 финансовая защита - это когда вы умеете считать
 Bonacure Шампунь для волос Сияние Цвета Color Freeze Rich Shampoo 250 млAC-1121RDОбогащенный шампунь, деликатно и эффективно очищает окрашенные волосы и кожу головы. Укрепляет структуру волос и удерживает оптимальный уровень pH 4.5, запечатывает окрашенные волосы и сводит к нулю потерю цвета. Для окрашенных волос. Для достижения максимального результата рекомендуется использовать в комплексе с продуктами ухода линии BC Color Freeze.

---

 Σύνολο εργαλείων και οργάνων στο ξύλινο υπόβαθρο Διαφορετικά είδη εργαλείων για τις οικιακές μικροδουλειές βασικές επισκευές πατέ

==

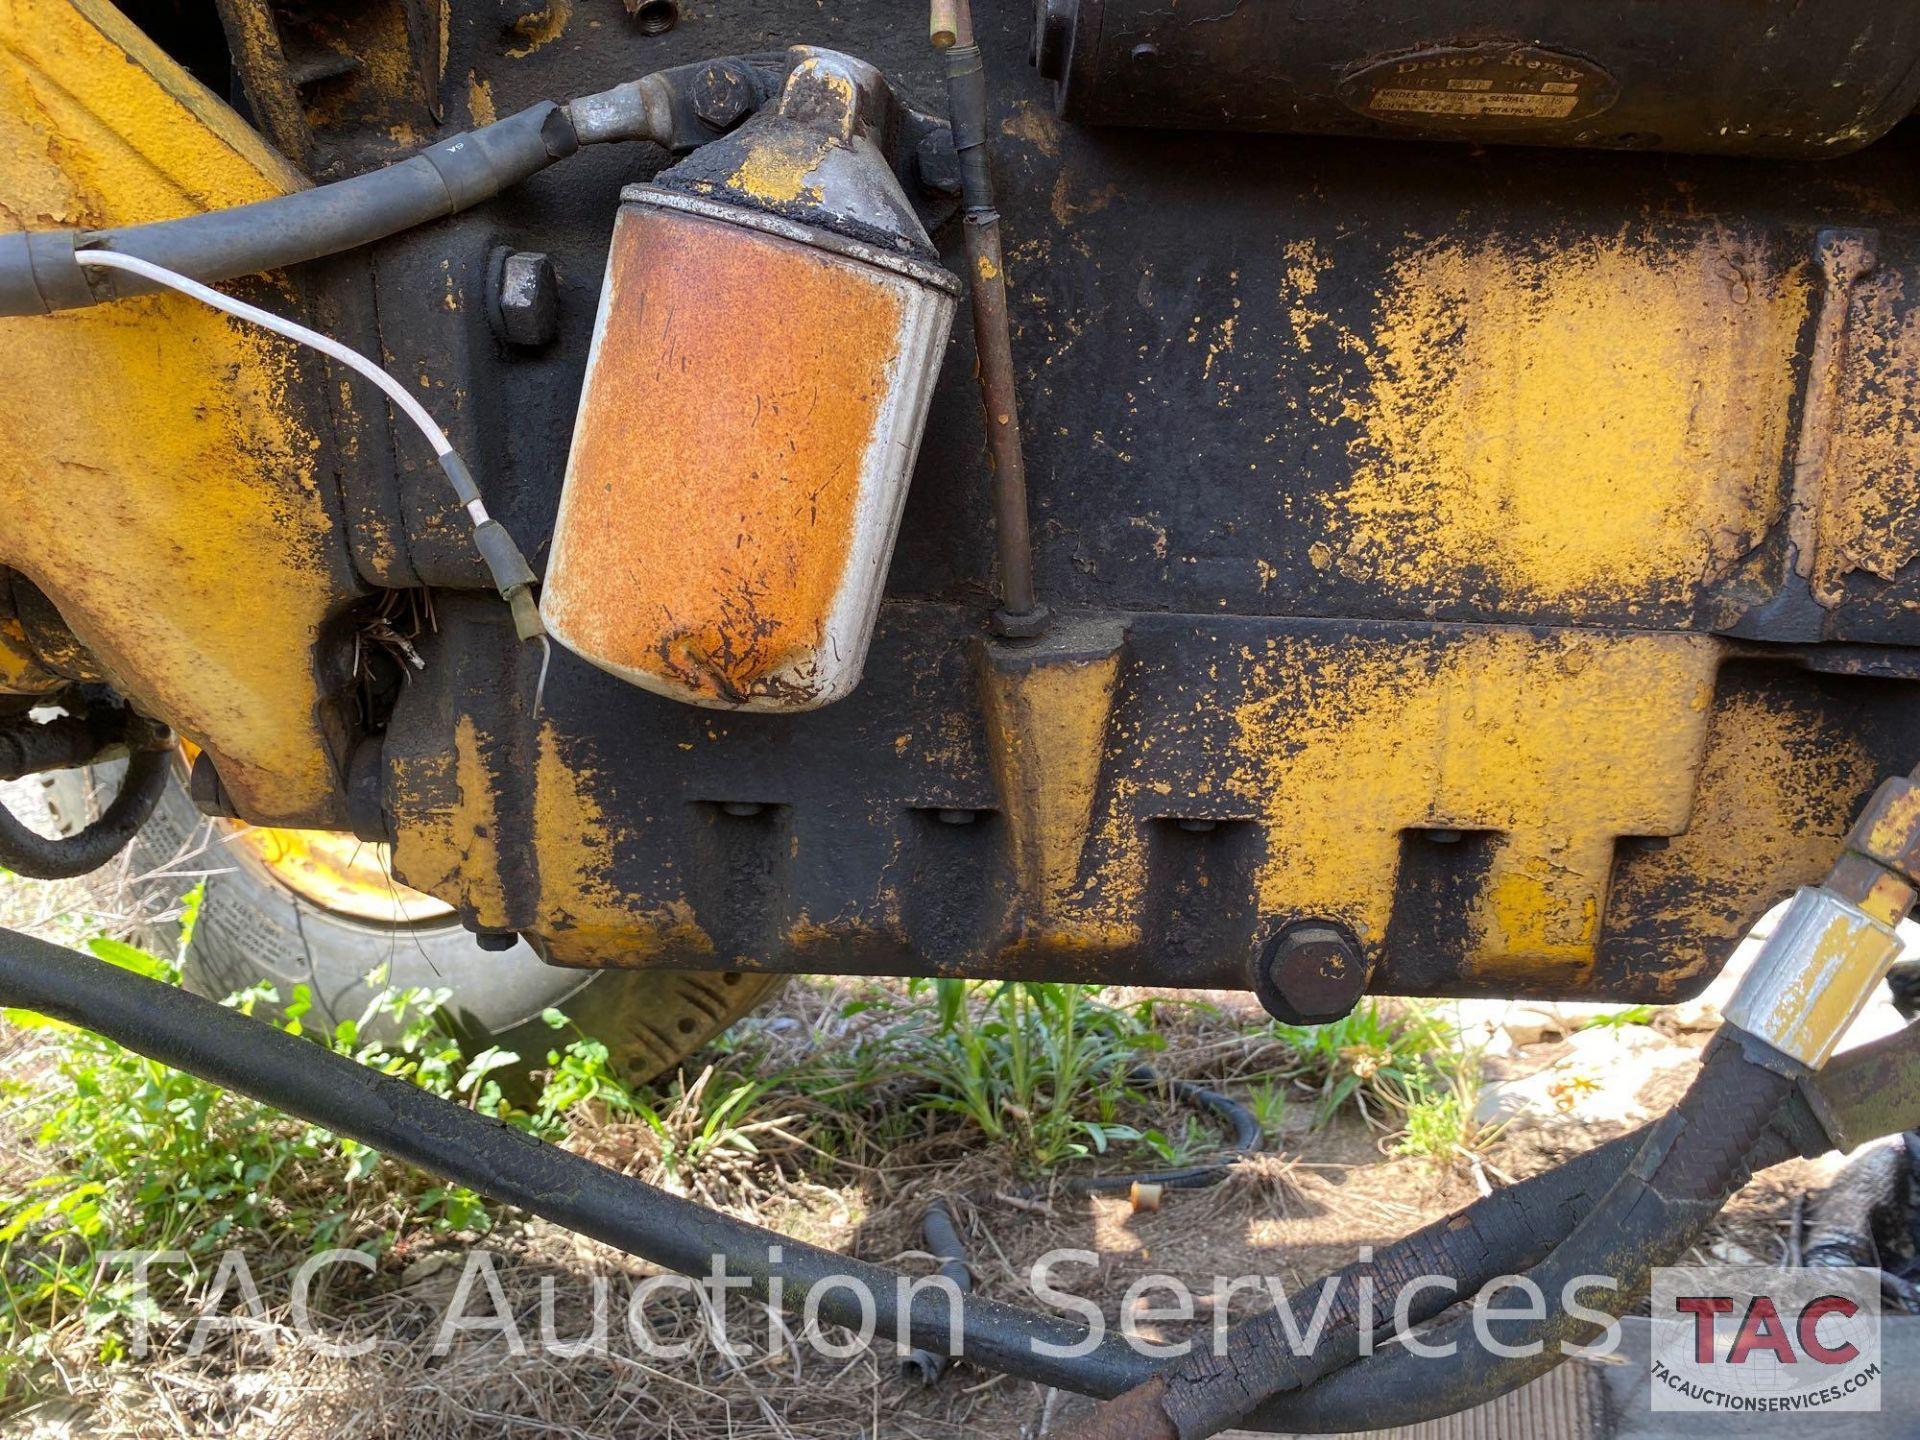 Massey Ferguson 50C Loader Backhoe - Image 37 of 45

_WHAT THE TASK ASKS_: Beginning with the line that has "финансовая защита - это" and ending with the line that has "Bonacure Шампунь для", set down the lines above exactly and include no others.

_RESPONSE_:
 финансовая защита - это когда вы умеете считать
 Bonacure Шампунь для волос Сияние Цвета Color Freeze Rich Shampoo 250 млAC-1121RDОбогащенный шампунь, деликатно и эффективно очищает окрашенные волосы и кожу головы. Укрепляет структуру волос и удерживает оптимальный уровень pH 4.5, запечатывает окрашенные волосы и сводит к нулю потерю цвета. Для окрашенных волос. Для достижения максимального результата рекомендуется использовать в комплексе с продуктами ухода линии BC Color Freeze.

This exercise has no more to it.